2023-06-03

An EU-Ukraine front: is the gamble worth it?

Ukraine has appealed to the European Union not to extend temporary import curbs on its grain and oilseeds that are due to expire on Monday. The EU in late April effectively ratified import curbs imposed by a group of Eastern member countries led by Poland. Is the gamble worth it? Reportedly, it was an attempt to clear a massive supply glut that built up after Russia invaded Ukraine last year and blockaded the agrarian nation’s main export route to the world markets via the Black Sea.

At a European summit in Moldova, Ukrainian President Volodymyr Zelenskyy urged the EU to unconditionally lift export restrictions on Ukrainian agricultural products. Ukrainian Agriculture Minister Mykola Solskyi told POLITICO there is a very big risk that Russia would take advantage of discord in the bloc to disrupt the UN-brokered deal that has allowed some Ukrainian shipments through the Black Sea.

Russia’s invasion of Ukraine and blockade of its Black Sea ports in February 2022 trapped grain stocks in the country, one of the world’s biggest exporters, and pushed up global food prices. The EU set up overland corridors through Eastern Europe in March. In July, the UN and Turkey brokered a Black Sea grain deal to allow safe passage for some Ukrainian shipments through the Black Sea.

Since the EU’s solidarity lanes were established, imports of Ukrainian agricultural products into Bulgaria, Hungary, Poland, Romania, and Slovakia have soared, reportedly distorting local markets. Farmers and commodity traders, eyeing rising food prices, also hoarded grain, growing the glut.

On April 15, the governments of these countries, led by Poland, introduced bans on certain Ukrainian agricultural exports. The Commission then negotiated a compromise that effectively legalized the bans and offered the countries cash. Poland, the homeland of EU Farm Chief Janusz Wojciechowski, is the biggest recipient.
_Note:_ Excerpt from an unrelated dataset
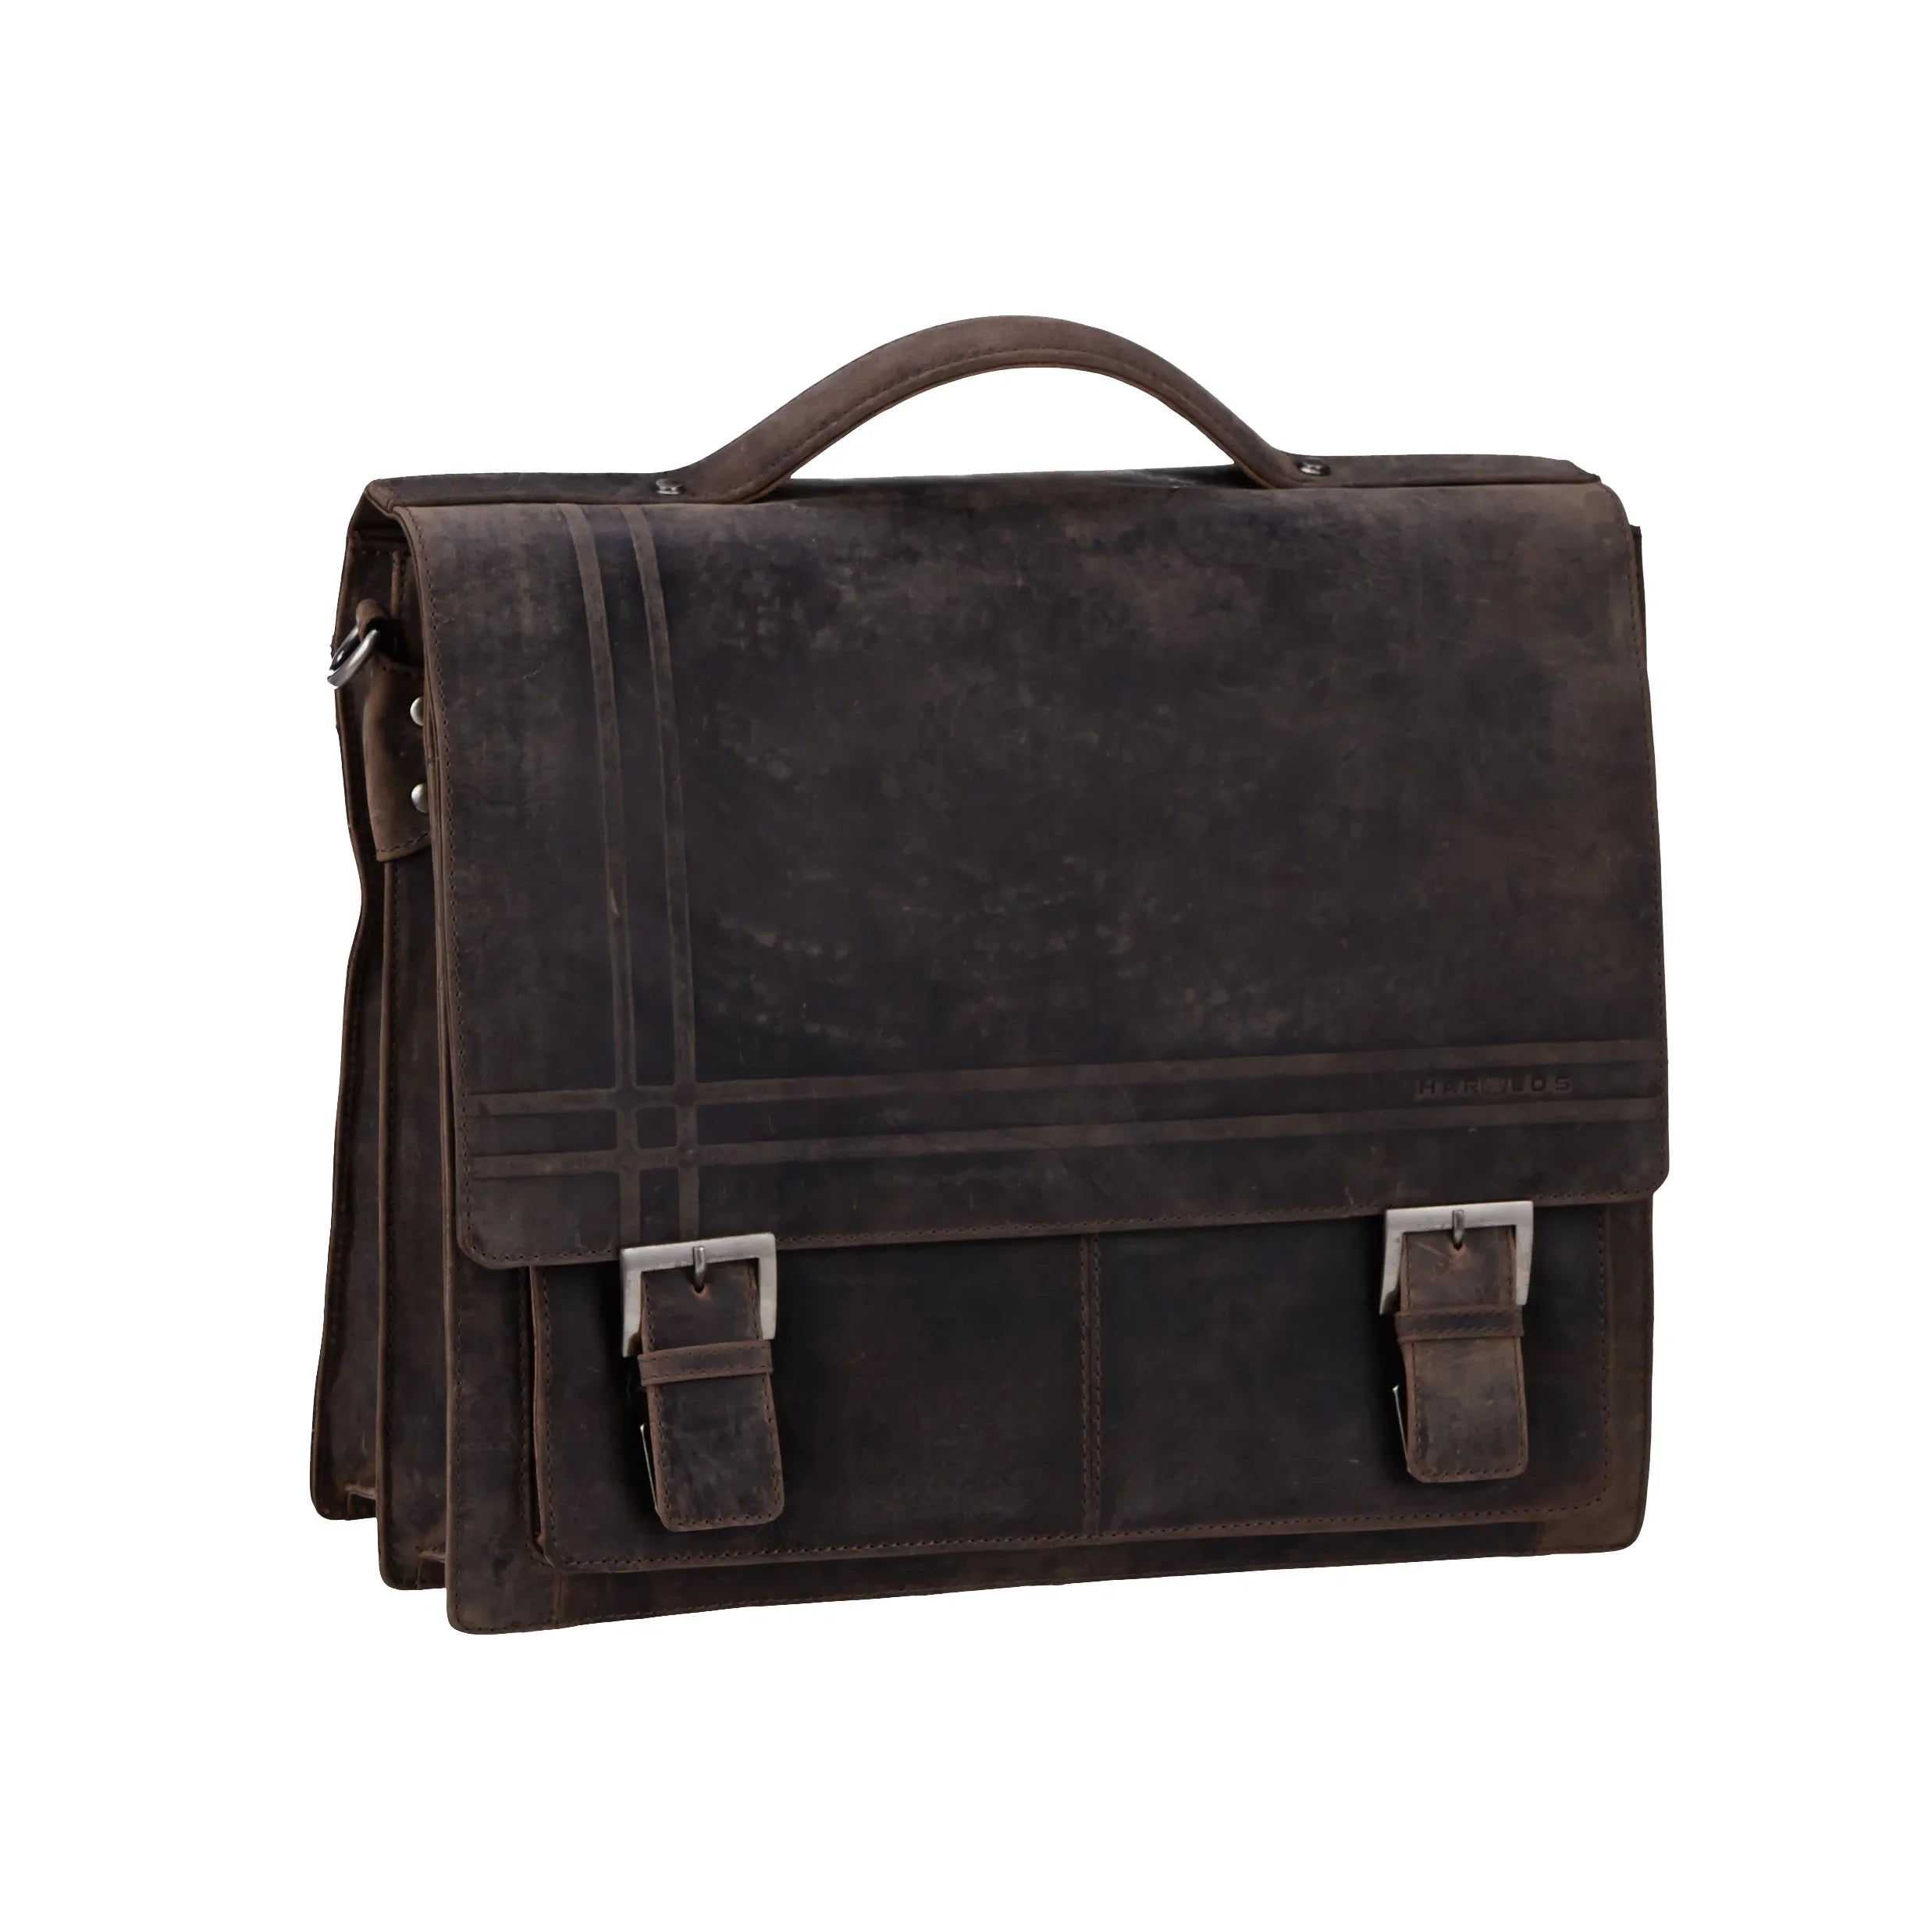 Harolds Concaro briefcase 40 cm - taupe

Wojciechowski said at Tuesday’s Agrifish Council that the restrictions should be extended at least to October, to allow the five countries to clear the decks. “Without these measures, we will have a huge problem during the harvest in these frontline member states”, he told journalists.

In 2022, Ukraine exported about €7 billion worth of agricultural products to neighboring countries, around half of which was grain. Pointing the finger, Solskyi said that Wojciechowski’s push for the extension is driven by Polish domestic politics. Ukraine’s exports meanwhile are expected to fall by about 40 percent this year. A widely held view in EU policy circles wows that the farm commissioner, a senior figure in Poland’s ruling party, is backing his home team ahead of a general election due this fall.
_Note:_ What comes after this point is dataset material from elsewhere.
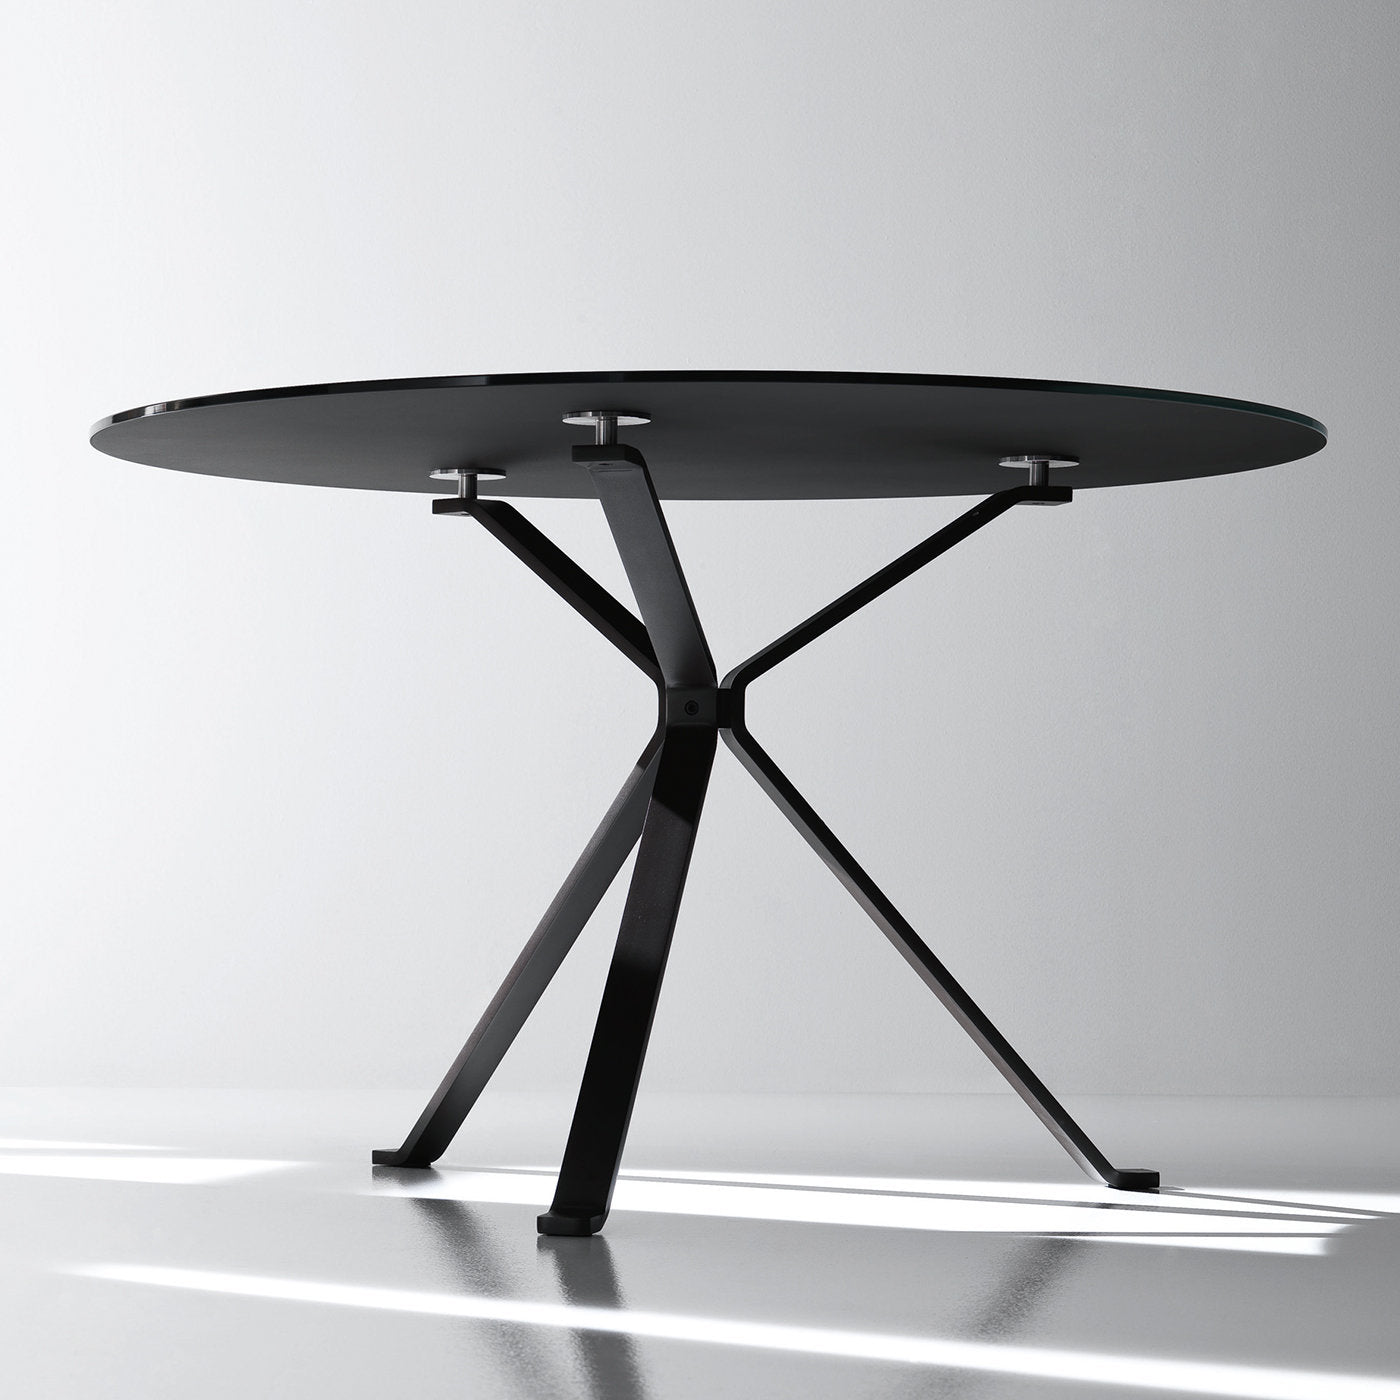 Revo Black 120 Coffee Table by Giovanni Giacobone + Massimo Roj Progetto CMR - Alternative view 1

Ukraine may be forced to impose retaliatory measures against Poland if the grain import curbs are extended, Deputy Economy Minister Taras Kachka said. “We may block imports of Polish cheese to Ukraine”, Kachka told POLITICO. Adding, however, that “now is not the time for trade wars when we have actual war”.

The much bigger problem is the Black Sea grain deal, Solskyi explained.

Ukraine’s Black Sea ports remain the biggest export route for agricultural products. More than 30 million tons of grain have so far been exported under the initiative, easing pressure on global food prices and staving off starvation for countries in Africa and elsewhere bearing the brunt of the world’s food crisis.